Spontaneity
There is a narrative in society that shows a desire for sex as instantaneous. Sex and spontaneity would seem to go hand in hand. You’ve seen the films that shows two people making eye contact and then the next thing you know they are ripping each others clothes off. Maybe there is an expectation that your date night means sex, regardless. Or that hand reaching over in bed indicating your partner is interested presuming you are too, just because you’re horizontal.
Briefly looking at porn and its influence here - stereotypically it shows storylines such as the plumber coming to fit a leak and within seconds has the housewife bent over the kitchen table. There is not often much build up, anticipation or connection. Mostly because time is money. Get to the good bits! It sets a precedent that sex is easy. One look and BAM. Although most of us know it is unrealistic it affects our subconscious narrative and expectations.

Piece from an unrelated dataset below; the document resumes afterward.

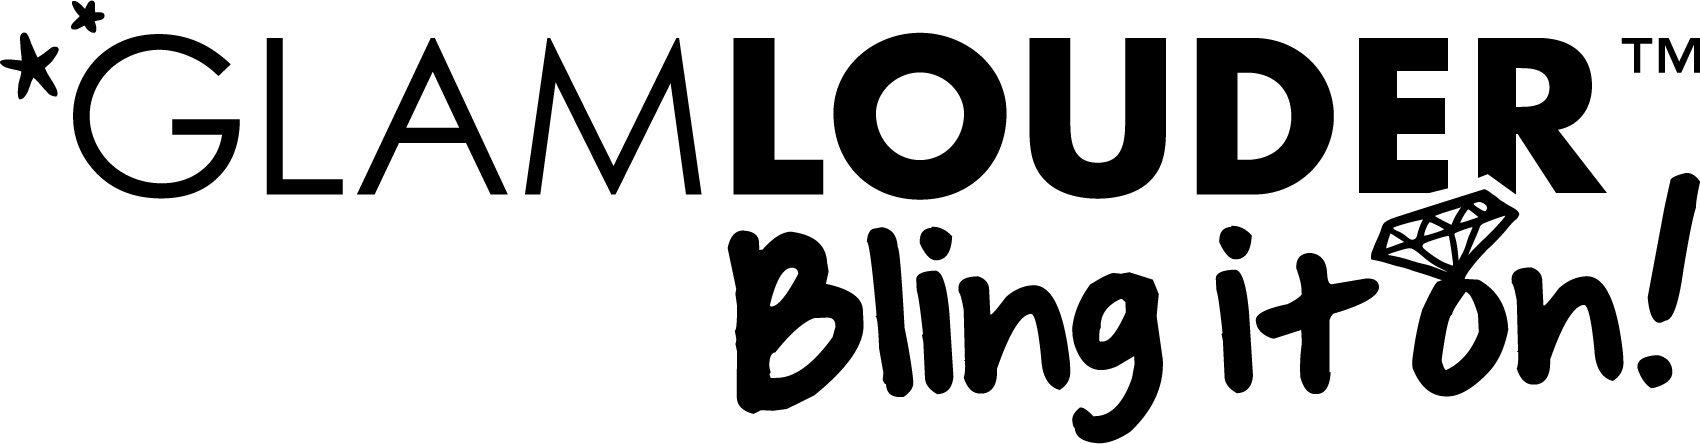 Bling It On Glam Hpnotiq Logo Version 3

Sexual desire is not just an on off switch.
It is not suddenly reactive to one single stimulant. There is a much bigger picture when it coms to sexuality, desire and arousal.
Spontaneous sex is possible, but often for good spontaneous sex, there needs to be a foundation from which sexual desire can be acted upon.
Studies show men are more likely to react to visual stimulus than women. Often women need more of connection or a variety of stimulus to help increase desire for sex and then arousal. These can include psychological, physical and environmental factors as I have touched on previously in other blogs.
Sex for many people is not just a ‘that feels good when you touch me there’ scenario. For full enjoyment and pleasure, the bigger picture needs to be assessed.
It is quite understandable for example, not to want to jump your partner after a long day, with dinner still to cook, and decisions to be made on whose family you’re spending Easter with etc. However, if dinner is sorted, the calendar is organised and your day spoken about - you may feel more seen, appreciated and the foundation perhaps laid for sexual interaction.
This is just a very brief example but you can see how life can prevent that ease for spontaneity in your sexual relationships if your mind is not freed up from the daily grind and life admin.
This is perhaps why many found their sexual relationships were effected with partners they lived with during the pandemic. Working from home, home schooling parenting. Lots either made sure they separated their personal time for each other and made and effort to do so, or their relationship became intertwined so easily in the chaos all happening under the same roof.
Time and effort often needs to be taken to help retain intimate connection. It is only with the foundation of this connection and shared life load, that you can then act on any ideas of spontaneous sex acts. Losing yourself in those moments, as your mind is free to do so.